Increase to 400–500ms for callers who pause mid-sentence (non-native speakers, elderly). Decrease toward 100ms for fast-paced sales scripts.

***

## Transcription latency

Streaming transcribers (Deepgram, Azure, ElevenLabs) return partial transcripts in real-time, with the final transcript arriving 50–150ms after endpointing. The LLM inference begins as soon as the final transcript arrives.

Transcriber choice has a modest effect on latency.
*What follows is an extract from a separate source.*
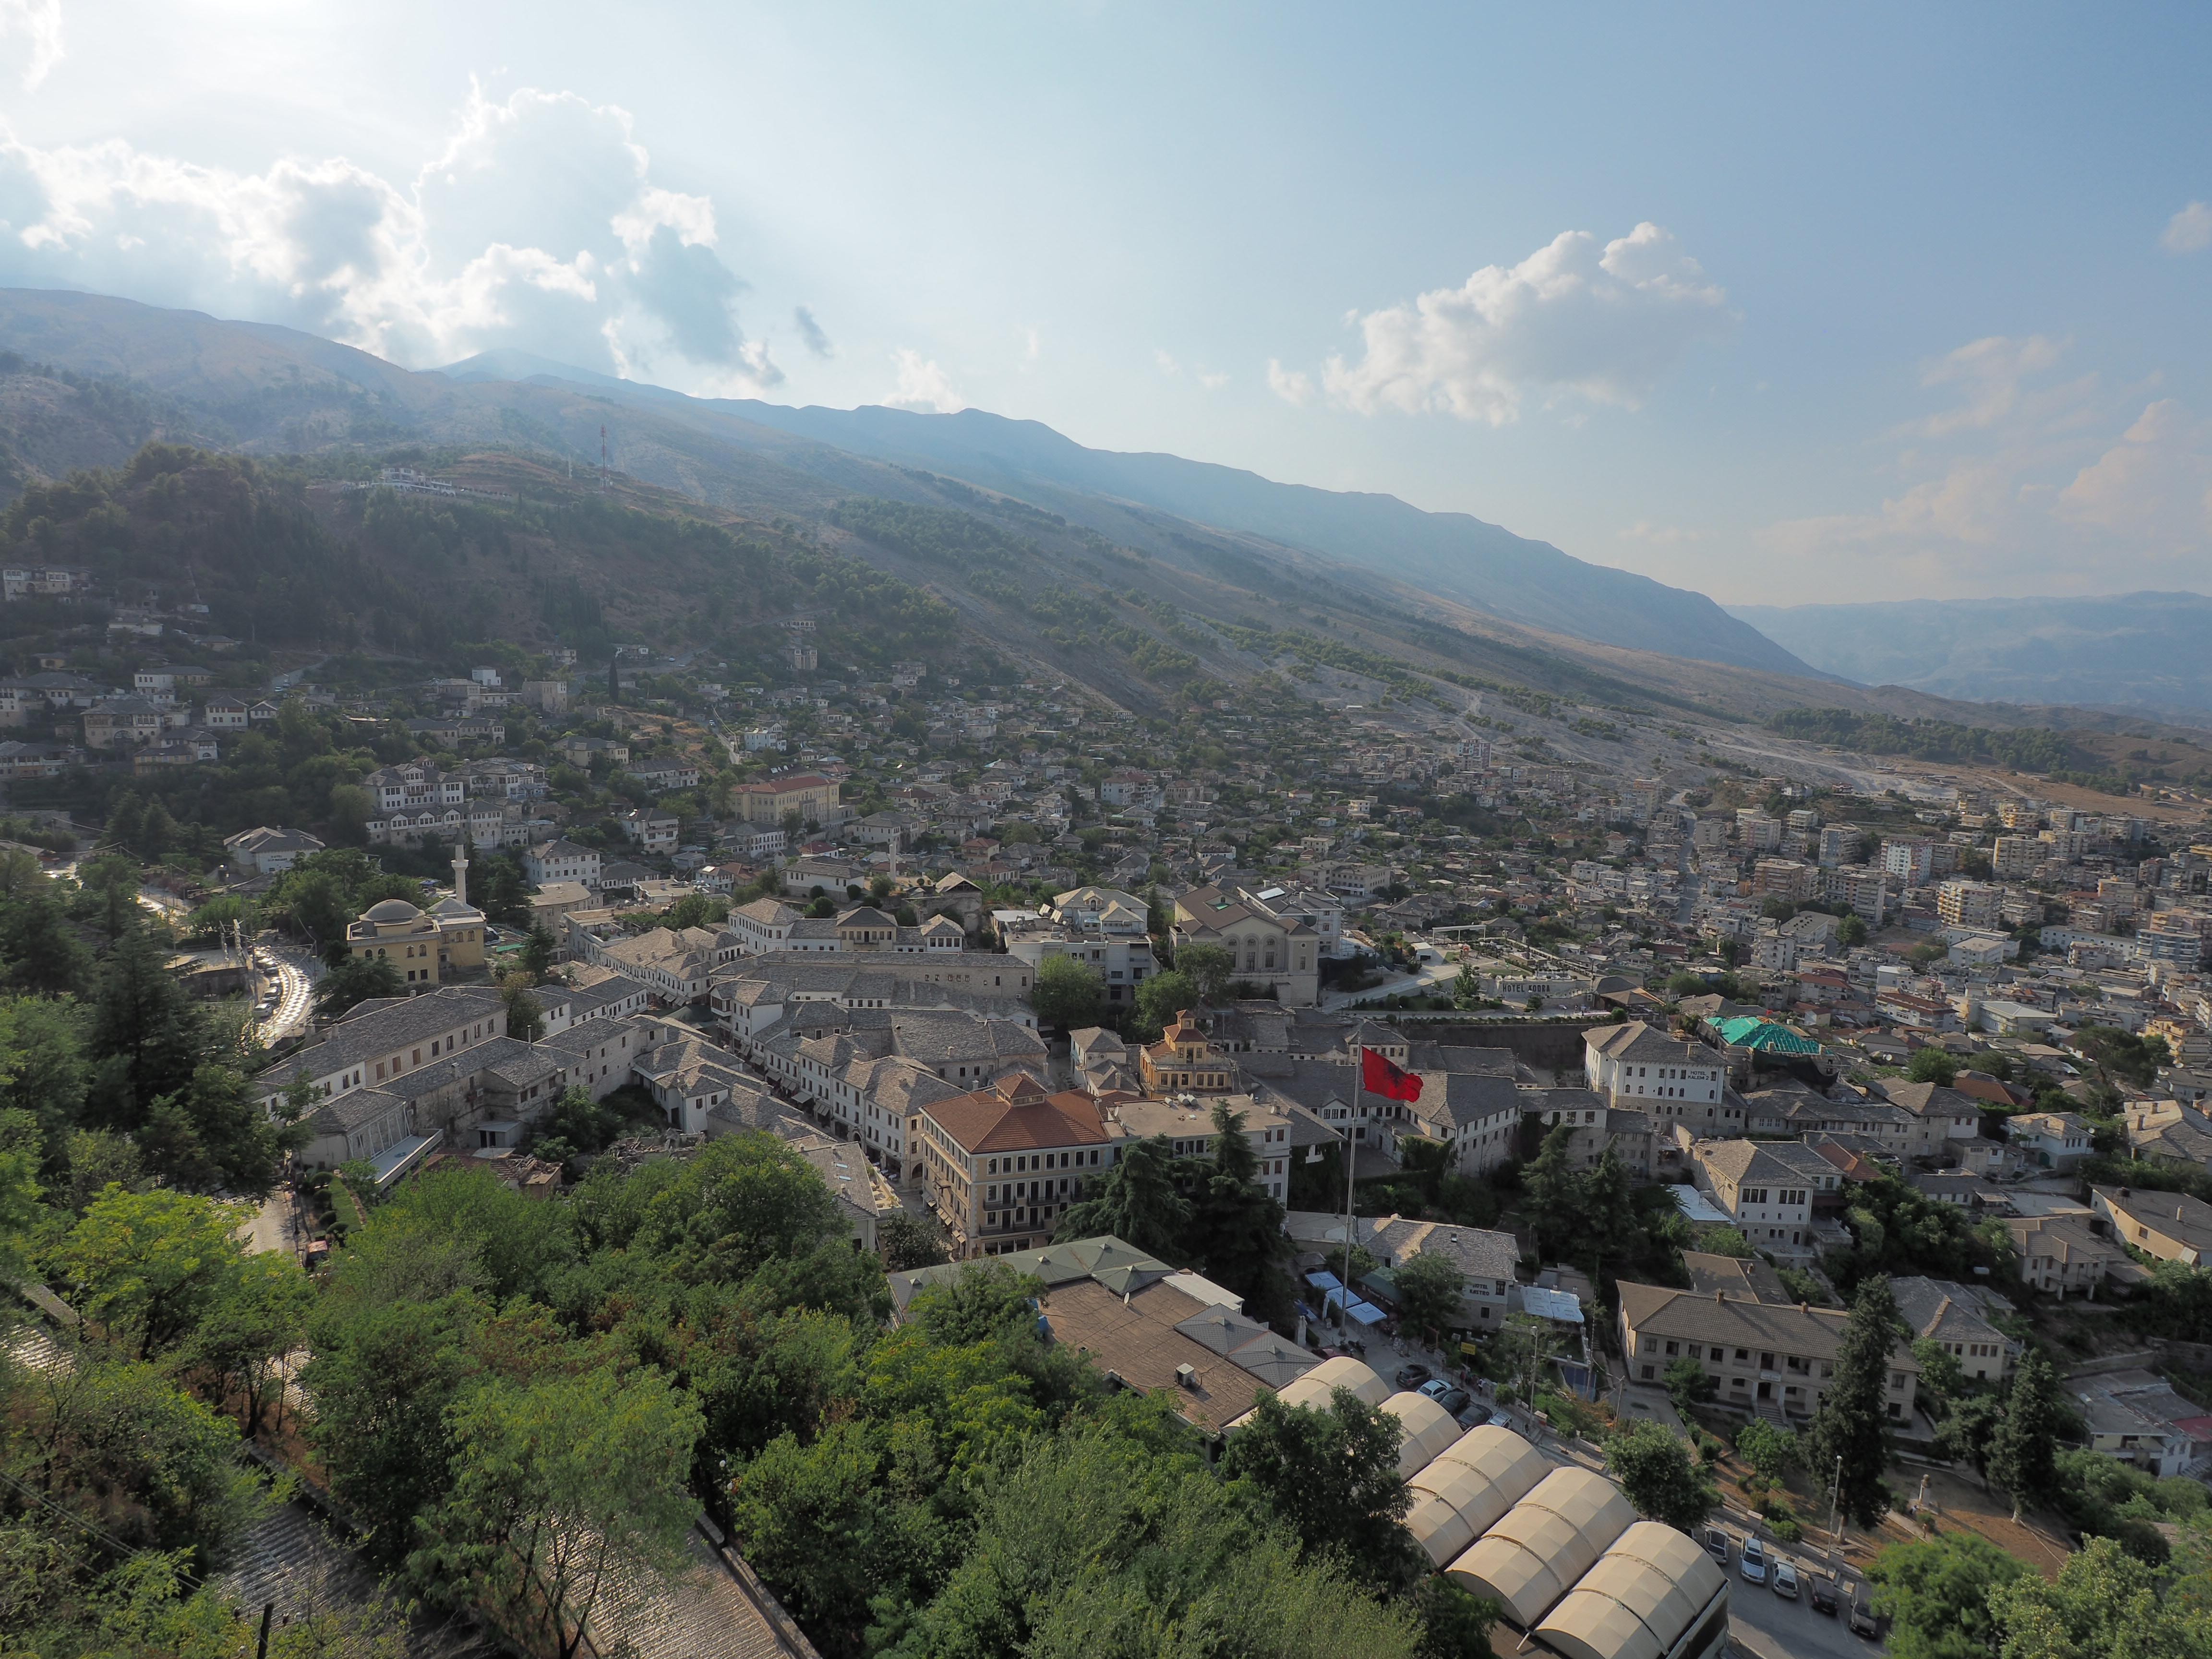 Gjirokaster – Von Spionageflugzeugen und einer verwinkelten Altstadt

Deepgram Nova-3 is generally the fastest option.

***

## LLM latency

The LLM accounts for the largest share of latency. The key metric is **time to first token (TTFT)** — how long before the model starts streaming its response.

| Provider                           | Typical TTFT |
| ---------------------------------- | ------------ |
| OpenAI gpt-4.1-mini                | \~150ms      |
| OpenAI gpt-4.1                     | \~200ms      |
| Anthropic claude-sonnet-4-20250514 | \~250ms      |
| Gemini gemini-2.5-flash            | \~150ms      |

Shorter prompts, lower `max_tokens`, and `temperature` close to 0 all reduce TTFT. Avoid sending large knowledge-base results or long tool outputs back to the LLM unnecessarily.

***

## Synthesis latency

Bolna starts streaming synthesizer audio as soon as the LLM emits the first sentence. You don't wait for the full LLM response.

`buffer_size` controls how many characters to accumulate before sending the first audio chunk. Smaller buffers start audio sooner but can produce choppy speech if the synthesizer is slow to respond.

```json theme={"system"}
"synthesizer": {
  "provider": "elevenlabs",
  "stream": true,
  "buffer_size": 100
}
```

A buffer of 100–150 characters is typical. ElevenLabs Turbo and Cartesia are the lowest-latency synthesis options.

***

## Network and telephony

The call's geographic path also adds latency. A caller in India connecting to a US-hosted telephony provider adds \~100–200ms round-trip. Use a telephony provider with regional presence near your callers:

* India: Plivo, Exotel, Vobiz
* US/global: Twilio, Plivo

For the lowest latency within India, enable Indian server configuration — see [Indian Server Configuration](/enterprise/indian-server-configuration).

***

## Reading latency data

Each completed execution includes:

```json theme={"system"}
"latency_data": {
  "time_to_first_audio": 189.69
}
```

`time_to_first_audio` is in milliseconds from the end of the caller's utterance to the start of the agent's audio response.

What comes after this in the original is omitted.